This electric vehicle (EV) battery life prediction app is designed to estimate the remaining life of an EV battery based on various factors that will be described a little later. This app will analyze historical data from the vehicle, taking into account variables that affect battery degradation over time. The main objective is to help users understand how long their EV battery might last before requiring replacement. This app will utilize a powerful method known as Artificial Neural Networks (ANN) to make accurate predictions based on data and trends, helping users make informed decisions about battery maintenance or replacement.

Artificial Neural Networks (ANN) are computational models inspired by the structure of the human brain. They consist of layers of interconnected nodes (also called neurons), which process input data and pass it through to other layers. The network is trained on a set of data by adjusting the weights between neurons to minimize the difference between the predicted and actual outputs. ANN can capture complex relationships within data, making it highly effective for tasks like pattern recognition, classification, and regression. In this case, ANN will learn from a wide range of data points to identify patterns in battery degradation and predict future battery life.

In the context of this EV battery life prediction app, ANN plays a crucial role in making sense of the data gathered from the vehicle’s performance. By training the ANN on data from multiple sources, such as charge cycles, temperature changes, and driving behavior, the network can identify the most significant factors contributing to battery degradation. It will then use this knowledge to predict how much life is left in the battery, offering users a reliable estimate. The ability of ANN to learn from diverse data sets makes it ideal for accurately predicting future battery performance, ensuring that the app provides users with actionable insights and recommendations for maintaining their EV’s battery.

The columns in the dataset are:

1) type : Indicates the type of test performed on the battery. Values include:

(a) discharge: This means that discharge test was performed on the battery.

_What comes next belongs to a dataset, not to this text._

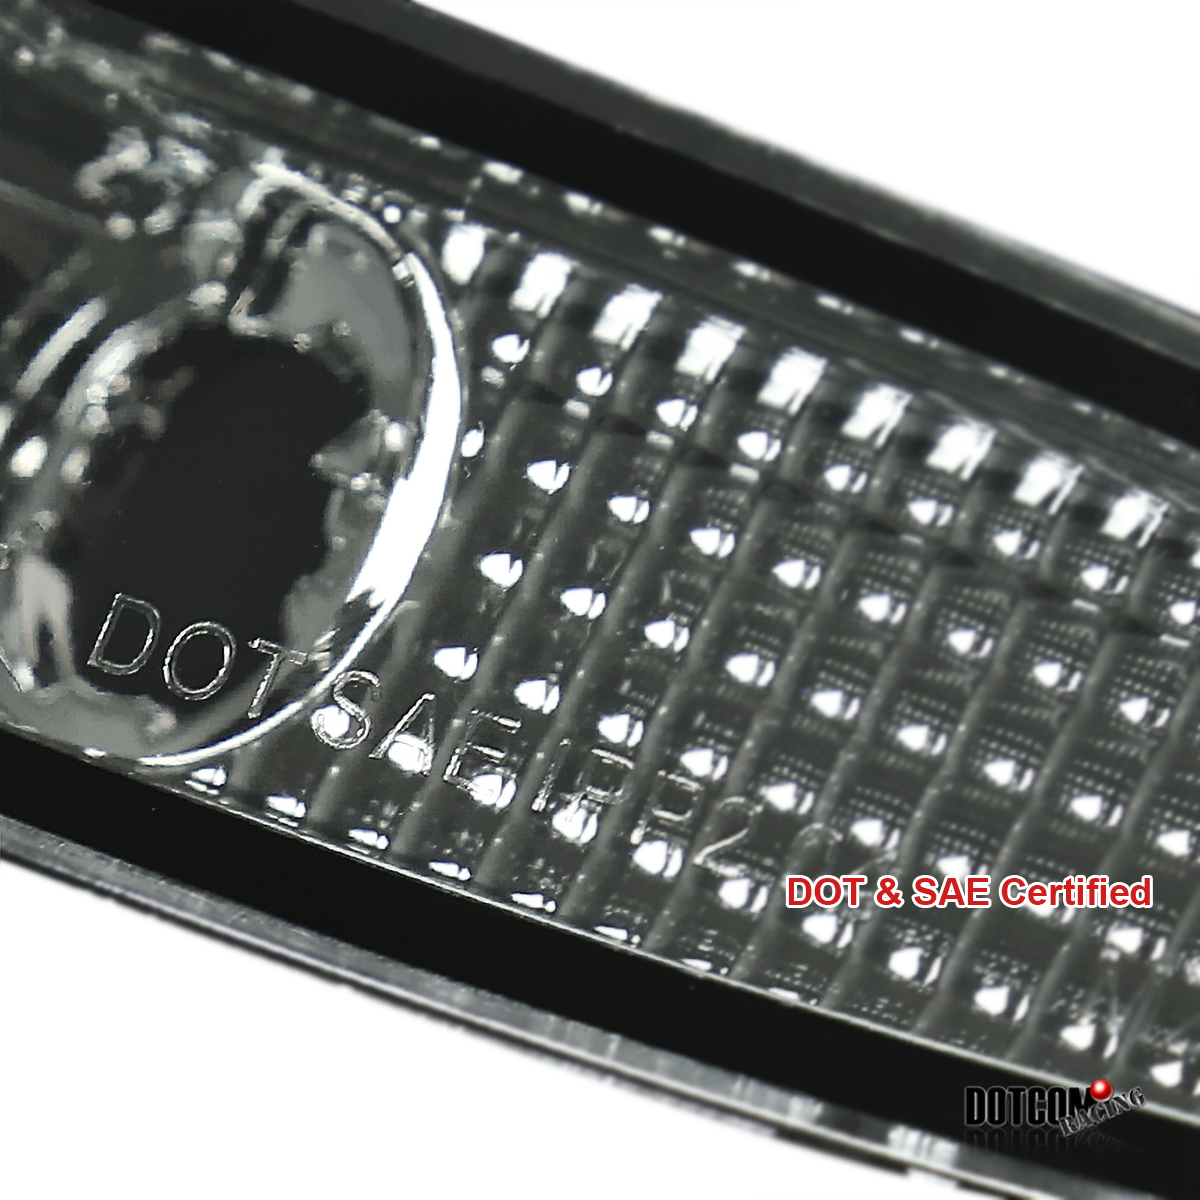 2003-2008 Mazda 6 Mazda6 Bumper Lamps Side Marker Lights Pair JDM Smoke Lens

- A discharge test measures how much energy (capacity) a battery can deliver when it's being drained under controlled conditions. A discharge test measures how much energy (capacity) a battery can deliver when it's being drained under controlled conditions.

- During this test, the battery is discharged at a specific rate. The amount of electrical charge (in Amp-hours) that the battery can deliver is measured. This measurement directly represents the battery's capacity.

- Only value of column 'Capacity' can be recorded in this test as this test measures the battery's energy storage capability, which can only be measured when the battery is actually delivering power ie being discharged.

(b) charge: This means that charge test was performed on the battery.

- A charge cycle is when the battery is being recharged by receiving electrical energy from a power source. During this process, the battery is receiving power rather than delivering it and the primary focus is on safely restoring the battery's energy. The charge cycle data is valuable for tracking battery health.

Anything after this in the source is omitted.